Ее щеки делаются пунцовыми.
— Я! Я сама их написала! Они ужа-а-асно красивые и ужа-а-асно романтичные.
— В самом деле? — бормочу я, немного растерявшись. Такая роскошная куколка, зачем ей все эти дешевые трюки?
— Поймите, — она вздыхает, — у меня с Робби никаких отношений, ну, понимаете, о чем я… Я занимаюсь любовью только с кинозвездами.
Я настолько заинтригован, что наливаю себе еще полчашки. Ивонна закрывает глаза.
— Да-да.
Она признается, что вырезает из модных журналов фотоснимки своих кумиров и наклеивает их — изнутри — на стенки комодных ящиков. А когда ложится в постель к Робби, то оставляет один из ящиков открытым. И воображает, что ее ублажает Киану Ривз, или Том Круз, или кто-то еще из киношного бомонда.
— В темноте так легко представить, что меня обнимает не Робби, а один из этих чудных мальчиков. Что это их руки… и ноги. Знаете… я иногда немного путаюсь и уже сама не понимаю, с кем я в постели.
Разнервничавшись, она даже чашку выронила. Это и впрямь не очень весело: отдаваться комодному ящику.
Ну и дела… Оказывается, тут настоящая драма.

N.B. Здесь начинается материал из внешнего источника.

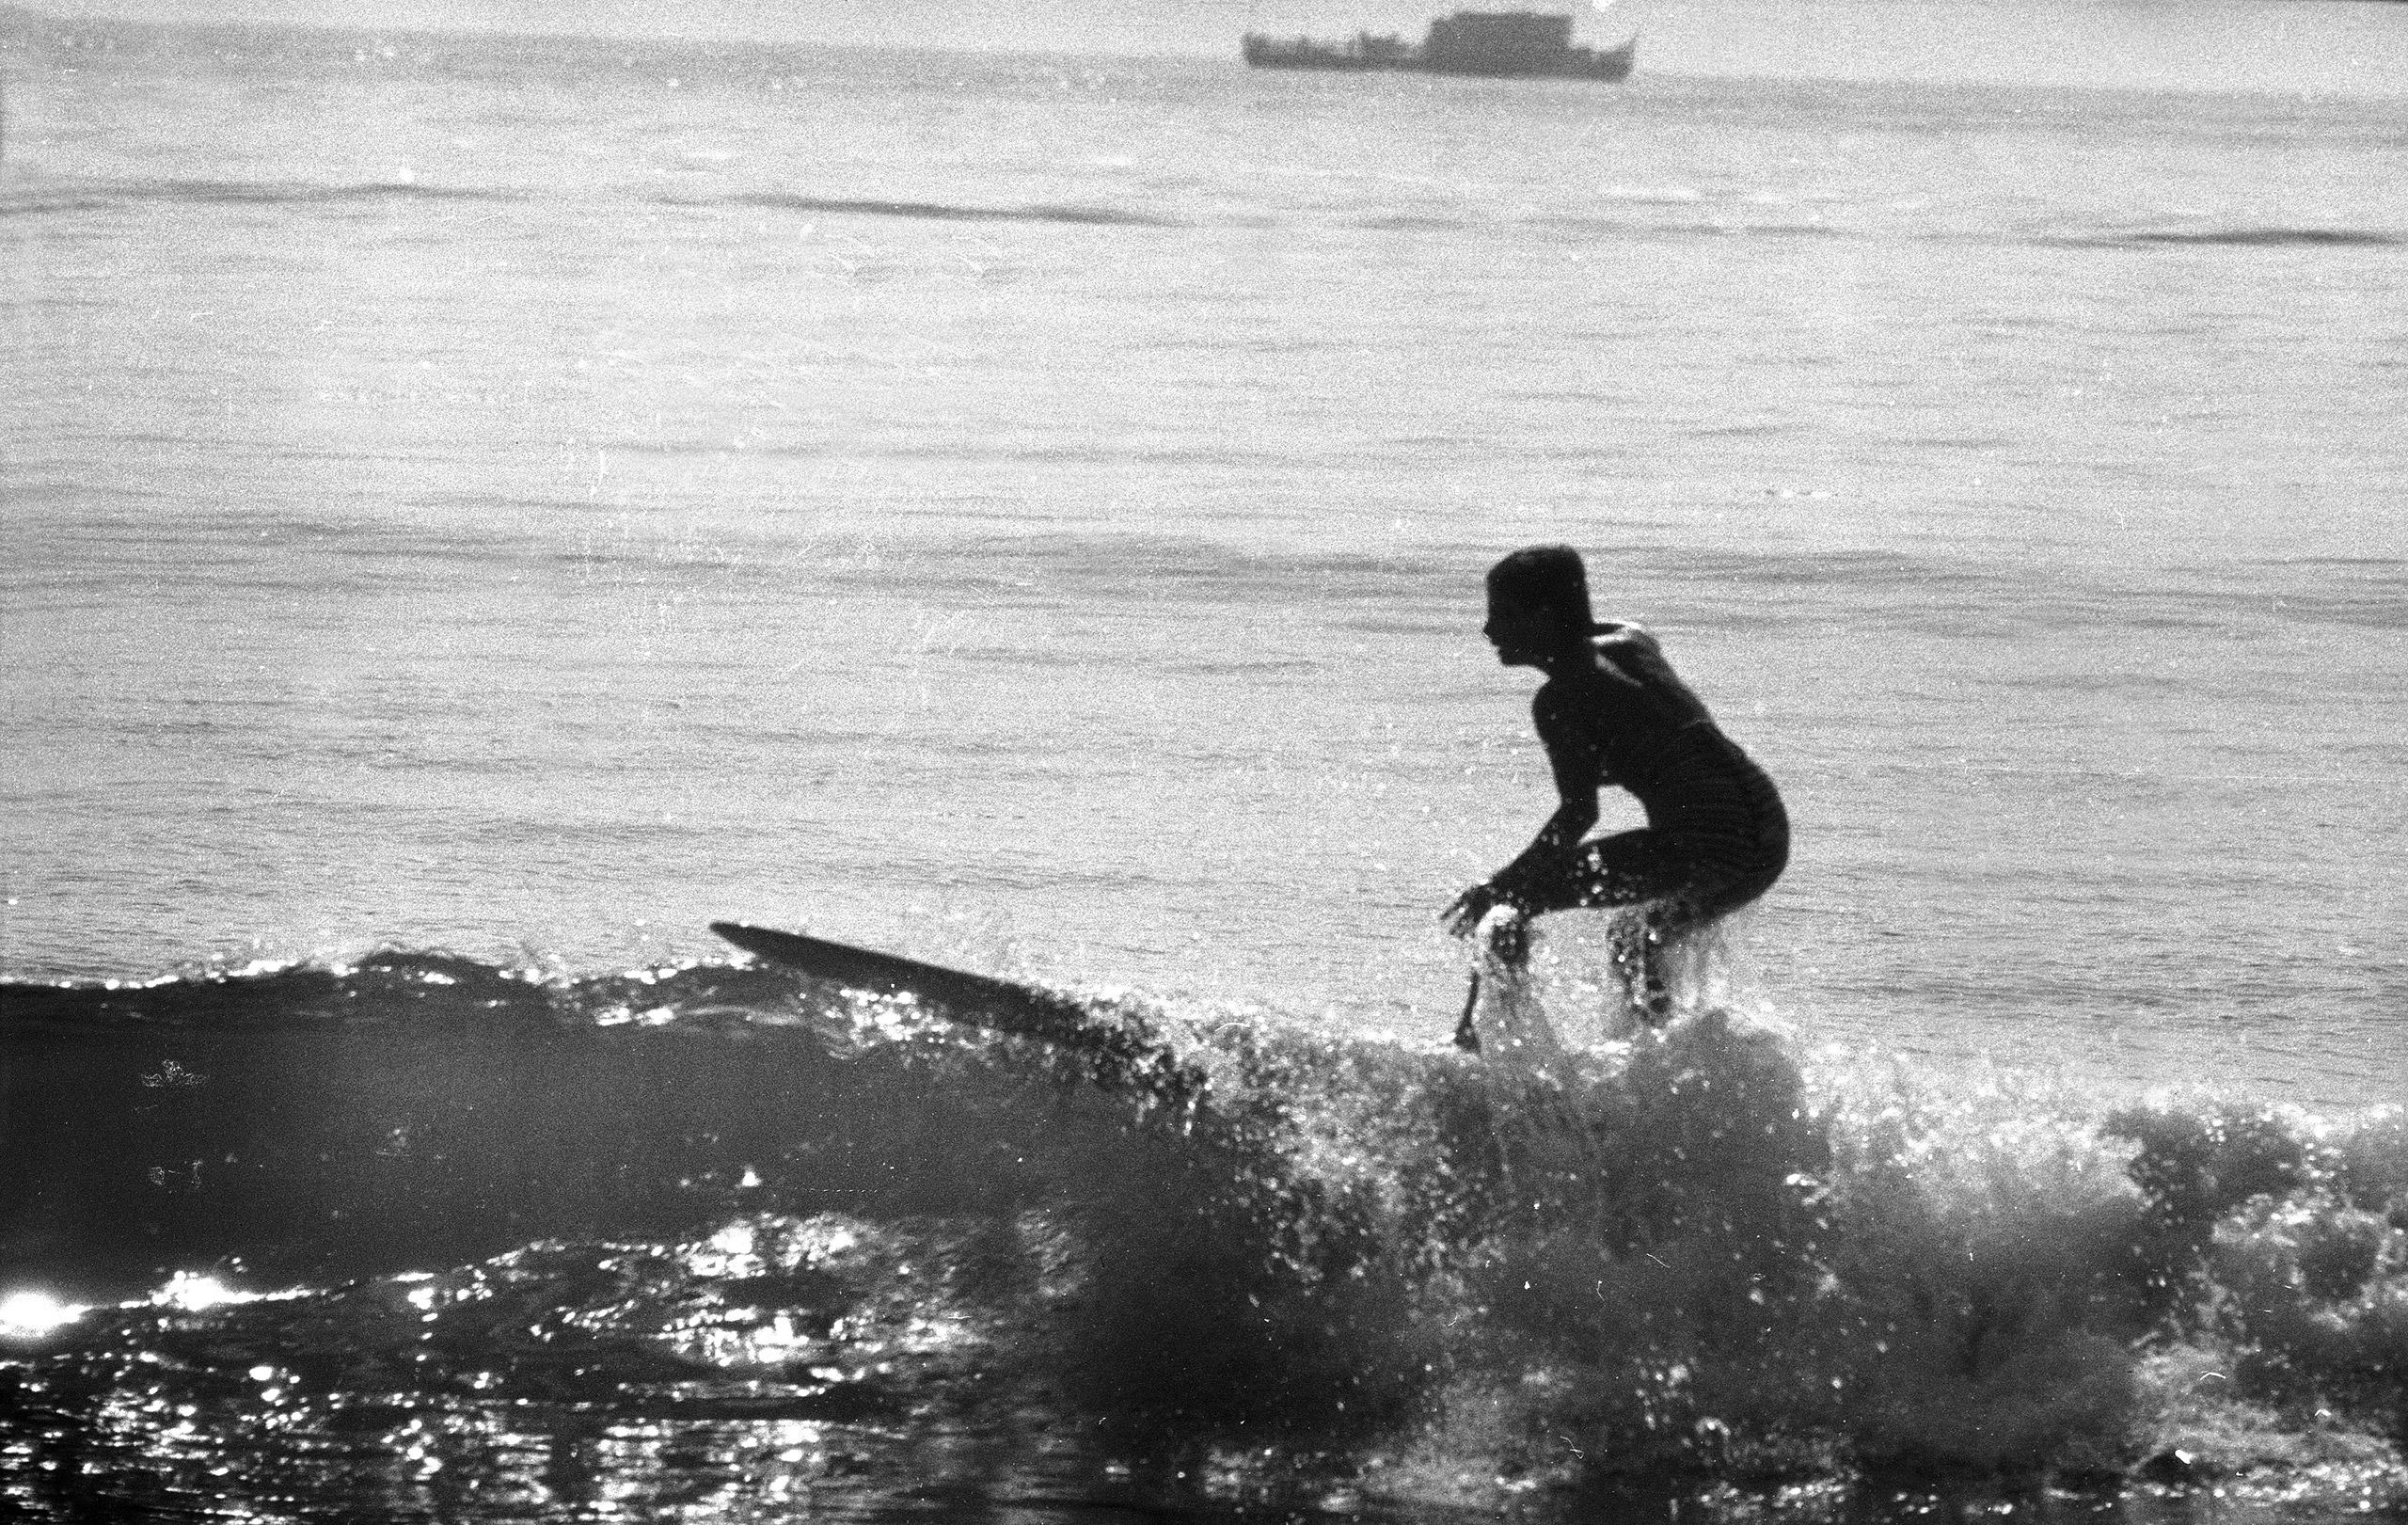 Kathy Kohner (aka Gidget) surfing, 1957.

Чтобы морально поддержать бедняжку, я тоже должен, просто обязан пролить кофе, что я и делаю.
— Да ну, не стоит так расстраиваться, не переживайте, нужно научиться дышать диафрагмой, и сразу станет легче.

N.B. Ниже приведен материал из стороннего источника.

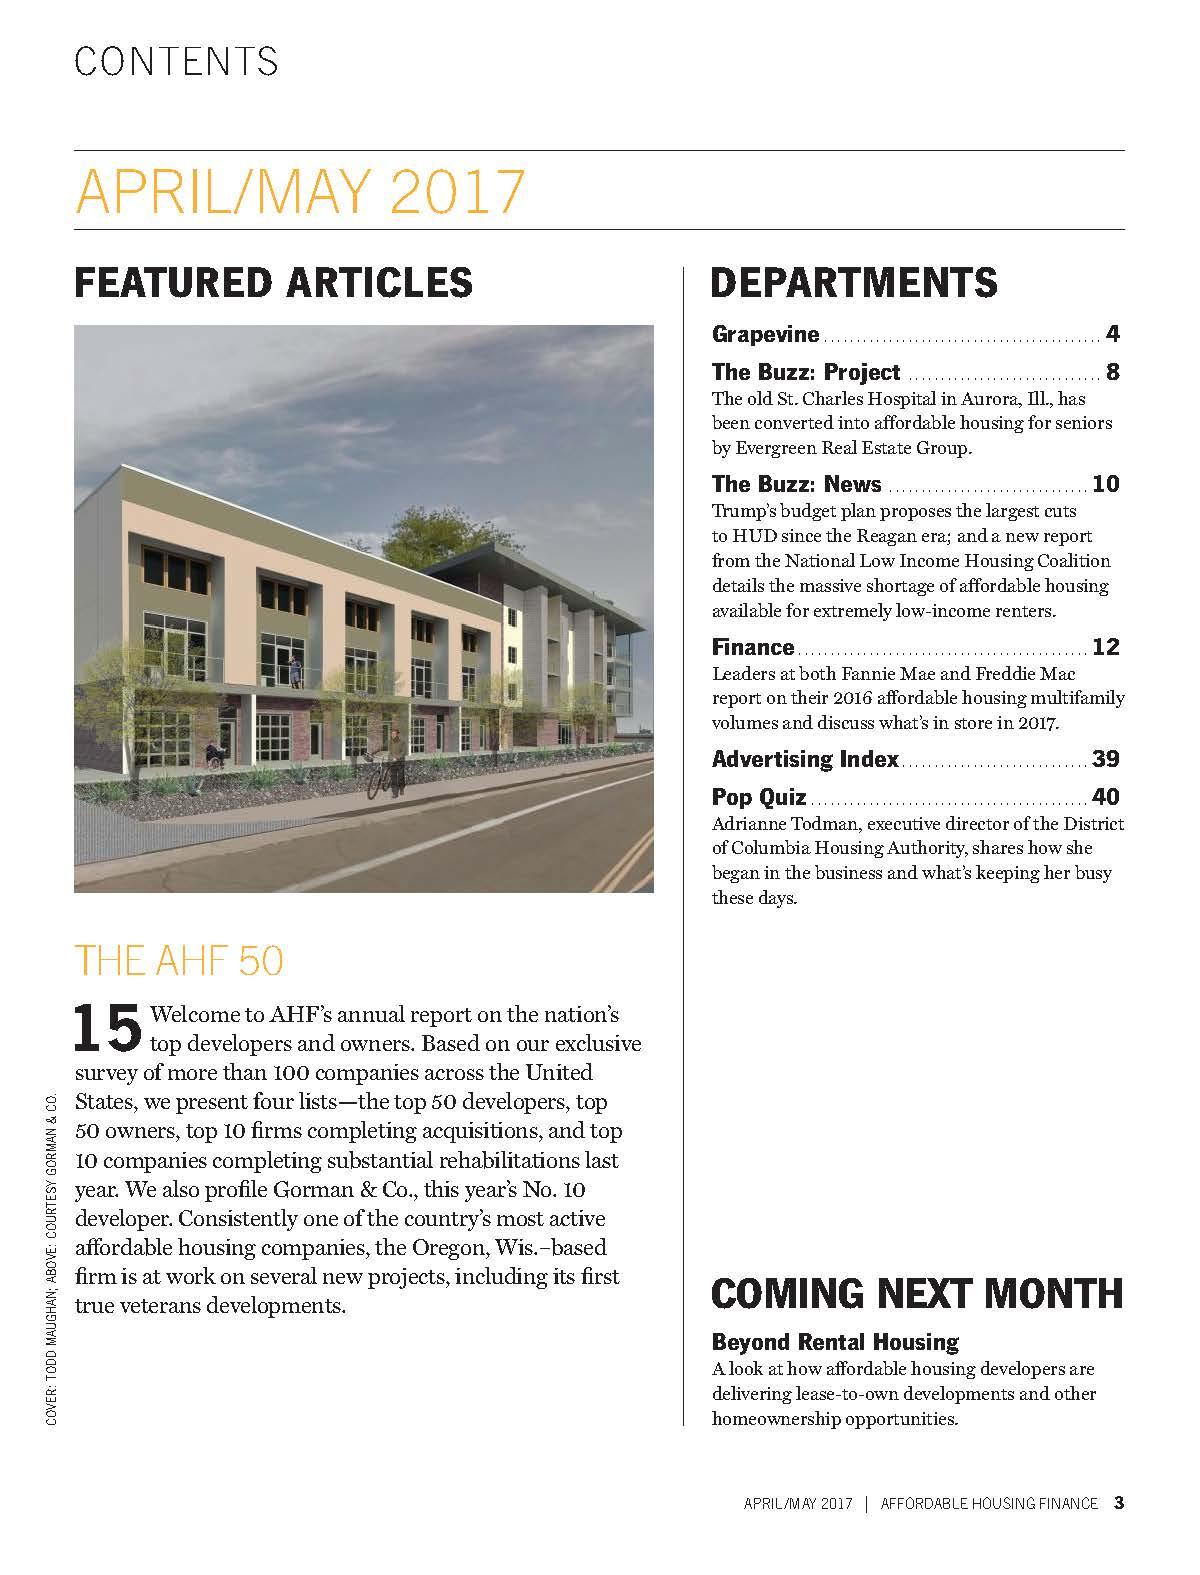 2016 AHF Top 50 Magazine - Madhouse Development

Поскольку она не знает, где расположена диафрагма, я вынужден показать: кладу обе ладони чуть ниже ее грудей. Она пытается сдвинуть мои руки, но я не поддаюсь.
— Тут она, наша диафрагма.
Пальцы мои потихоньку перемещаются вверх, и вот мы уже в четыре руки массируем груди Ивонны.
— Большое вам спасибо, это так важно: уметь правильно дышать. И так трудно. У вас есть сайт в Интернете?
Мне наконец удается высвободить свои руки.
— Пора, пора.
Меня целуют, я отвечаю на поцелуй. Скоро уже появится солнце.
— А знаете, они заключили на вас пари.
— То есть?
— Я имею в виду родных Рут. Они поспорили, кто выиграет: она или вы?
— Вот даже как.
— Только Мириам отказалась в этом участвовать. Она сказала, что Рут скорее умрет, чем уступит.